After the Indiana Senate passed a compromise on the IndyGo funding feud Wednesday night, the Indiana House killed the measure by not voting on it before adjourning for the year.
The Senate passed House Bill 1279, which would have required the transit agency to raise $220,000 in private donations by the end of the year. That was a significant drop from the $6 million IndyGo initially needed to fundraise in order to comply with a 2014 law.
Since the House did not vote on the measure, the bill died Wednesday night, which means IndyGo is still expected to raise $6 million annually. But state law continues to lack any penalties to punish IndyGo for not meeting the fundraising threshold—a situation that sparked the Statehouse debate this year.
The 2014 law authorized a 0.25-percentage-point increase in the city’s income tax rate to fund IndyGo operations and new services—such as the Red Line—with approval from the City-County Council and Marion County voters. The law also said that IndyGo would be required to provide a 10% match of that new income tax revenue, raised only from private sources, not fares or taxes.
The tax went into effect in October 2017 and is generating about $60 million per year, meaning IndyGo should be raising $6 million in private donations annually to be in compliance, but the agency has not come close to meeting that requirement.
Because the 2014 law did not include penalties for failing to comply with the 10% requirement, lawmakers over the past couple of weeks drafted language to try to hold IndyGo accountable.
The initial penalty, proposed by state Sen. Aaron Freeman, R-Indianapolis, would have withheld 10% of IndyGo’s local income tax revenue in years that it failed to meet the private funding threshold. It also would have banned IndyGo from moving forward with expansion projects, like the Blue and Purple lines, until it secured private funding.
IndyGo officials, however, expressed concerns about the legislation jeopardizing the municipal organization’s operations and its ability to build the planned Blue and Purple transit lines.
House lawmakers were also worried about the impact the language could have on existing bonds related to IndyGo’s bus rapid-transit projects.

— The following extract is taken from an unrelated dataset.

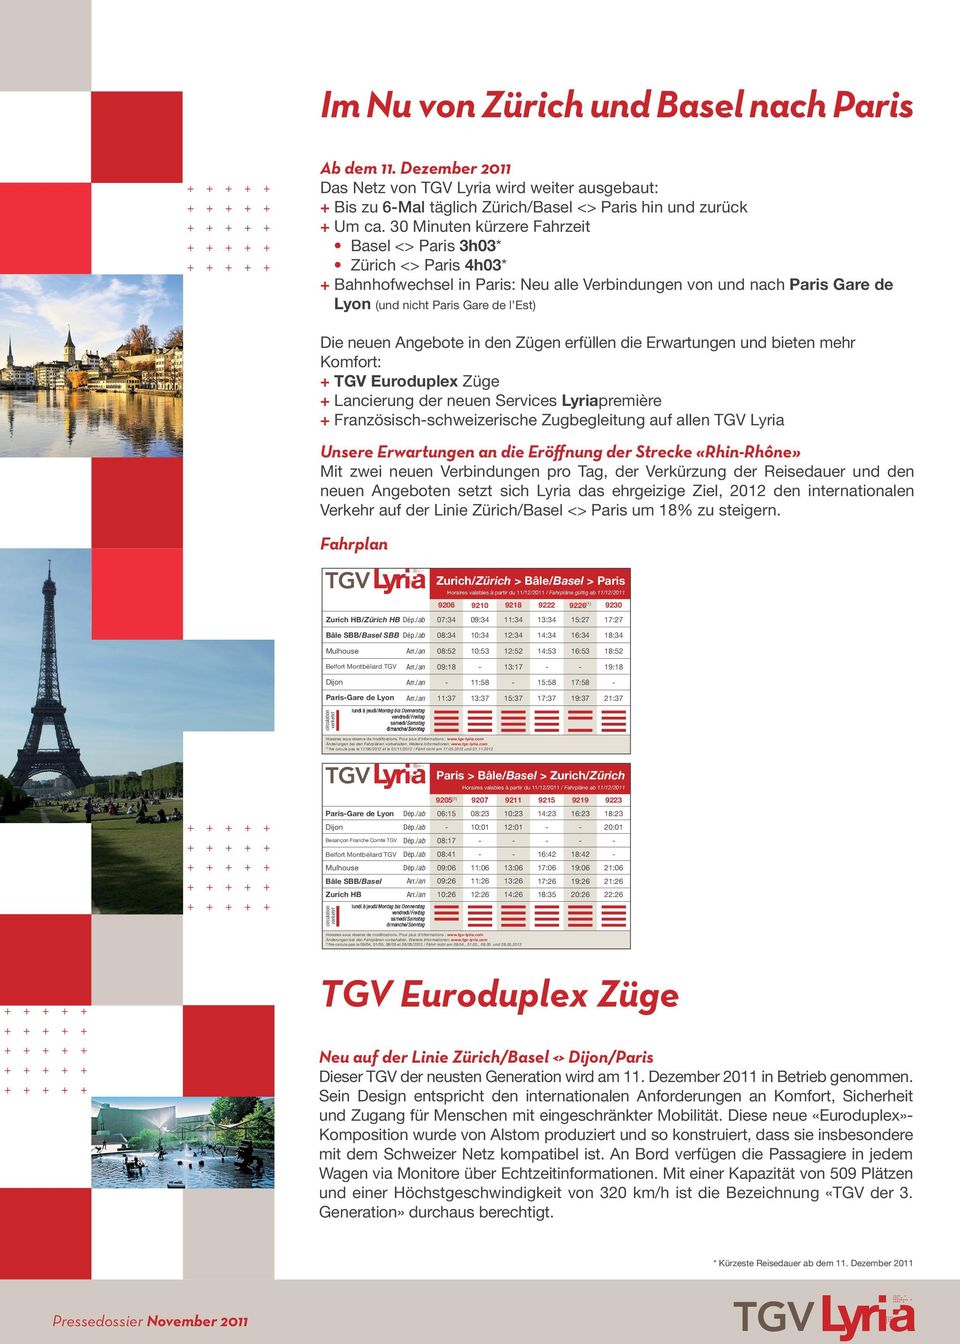 Angebote in den Zügen erfüllen die Erwartungen und bieten mehr Komfort: + TGV Euroduplex Züge + Lancierung der neuen Services Lyriapremière + Französischschweizerische Zugbegleitung auf allen TGV

The compromise measure offered by the bill’s author, state Rep. Ed Soliday, R-Valparaiso, would have gradually phased in how much IndyGo had to fundraise and required a new traffic study on the impact of the proposed Blue Line.
Instead of having to immediately raise a 10% match to the local income tax revenue, IndyGo would have had to raise a match of 2% of its bus rapid- transit operating budget by the end of the year, then 4% in 2021, and then 10% in 2022.
IndyGo officials estimated that would have been $220,000 this year, and it would have increased to $440,000 the next year and $1.1 million the year after that.
As the Blue and Purple lines start operating, though, the bus rapid transit budget will increase, meaning the amount of private dollars IndyGo would have needed to fundraise would have increased.
IndyGo officials estimated that the private funding requirement would have been risen to about $3 million annually when all three lines were operating.
IndyGo has received a $35,000 grant from the Central Indiana Community Foundation and several other smaller donations so far.
Under the compromise, if IndyGo didn’t meet the fundraising threshold, tax dollars would have been withheld, but the state auditor would have been allowed to release enough funds to cover any bond payments.
House Speaker Todd Huston said he felt like more work could have been done on the bill.
“I think everybody knows now what the expectation of Indianapolis is… to provide matching funding,” Huston said.
Huston said lawmakers will see what IndyGo does the rest of the year before determining whether legislation needs to be considered in the 2021 session.
“We hope they honor the commitment that was made,” Huston said.